Latino Voices

Latino Single Dads Set Machismo Culture Aside To Become More Involved Fathers


The number of children in the United States living in single-parent homes has nearly doubled in the last 50 years, according to Mothers are granted primary custody most often, but that is slowly changing. Single dads are taking on a more active parenting role and want more time with their children.

Traditionally, a father’s main duty after divorce is to provide for his children, see them some weekends, and little more. Luckily, there is a new trend in parenting after divorce: fathers are becoming more involved. It seems they want more than just to steal a few hours here and there with their kids, and that is simply wonderful.

The single Hispanic dad is changing with the times. The “machismo” prevalent for years is waning, and since divorce is more widespread than ever, many single Hispanic dads are now fighting to gain more custody of their children. They miss their kids and want to be more involved, as hard as it might be to juggle work and parenting.

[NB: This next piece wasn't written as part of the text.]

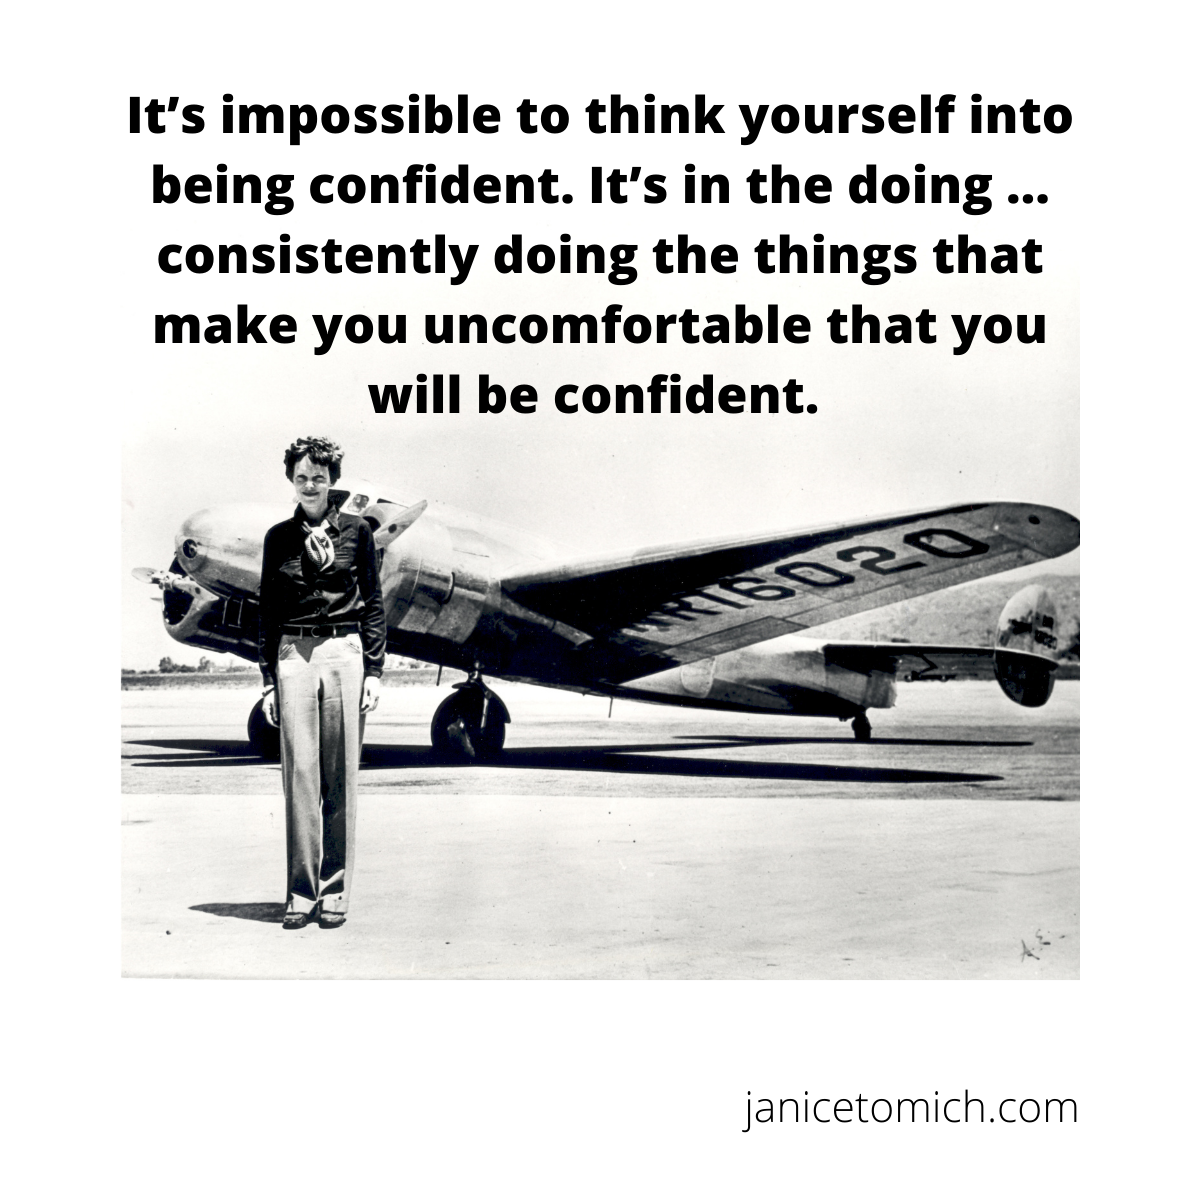 Inspirational quote by by Janice Tomich about women public speaking "It's impossible to think yourself into being confident. It's in the doing ... it is through consistently doing the things that make you uncomfortable that you will become confident."

I talked to some single Hispanic dads who told me their concerns about being single fathers. They said that their priority was their kids’ well-being, and they often emphasized the importance of avoiding fights with their ex as well as trying to be more in-tune with their children’s needs.

What a single Hispanic dad goes through for his children

Julio has a 5 year-old, and, as a single parent, his main concern is to minimize the impact shared custody encompasses. He tries to identify how to meet his child’s needs so that his boy suffers the least amount of trauma from the separation.

He says he probably worries too much, but he tries to make sure both parents are on the same page when it comes to raising their child. They try to keep the same rules, schedules and lifestyle to ensure his little boy transitions smoothly between homes.

What he finds challenging is to not be overprotective or to give his child too much attention; thereby smothering him and possibly spoiling him due to his own insecurities.

Julio acknowledges that although machismo has been a big part of the society around him, this model is changing. Fathers are trying to break those molds and are becoming as intensely involved as mothers in their children’s upbringing. This is not an easy task since men tend to be less emotionally connected.

For Julio, it gets even more complicated because he gets no help from his family since they either live overseas or have their own lives to tend to. His ex-wife travels a lot for business, so he has to adjust to her schedule constantly, which he does willingly for the sake of their child. He also works, and there are times when he has his child for 24 hours a day, 5 days straight, and he has to manage as best he can.

Single dads embrace their roles

In the U.S., small groups of single dads are uniting in online forums and meetups for support. These organizations inform and support fathers with court proceedings and parenting issues. Unfortunately, some women seek to benefit from divorce, guided by the old tradition that moms have all the rights to seek sole custody, and — since the law is in their favor — they try to unfairly get the most they can financially, as alimony from their ex-husband.

Julio and other single dads are more than happy to change with the times and become as emotionally and physically involved in parenting as mothers have been historically. This is progress.

Another Cuban single father I spoke to said he’d like to spend more time with his kids, but due to his ever-changing schedule, he is limited. He is thinking of changing jobs, just to spend more time with his children.

Matthew Weinshenker, Assistant Professor of Sociology at Fordham University, answered questions in the Style section of The New York Times about the single dad trend. He explains that the culture has changed, and fathers are now encouraged to be more involved in their children’s lives:

More men are interested in raising their children as best they can in the event of a divorce or the breakup. Today, family courts, which didn’t often grant custody to fathers in the past, are more willing to consider a single father as a primary parent. They may even award full custody to the father.

Times are changing, and for that we are glad. My own father did it years ago and people were shocked to see a single father raising his children alone. Divorce was seen as shameful, and a father taking his girls was unthinkable. He was ahead of his time, a trendsetter for future single Hispanic dads, and for that, I am incredibly proud.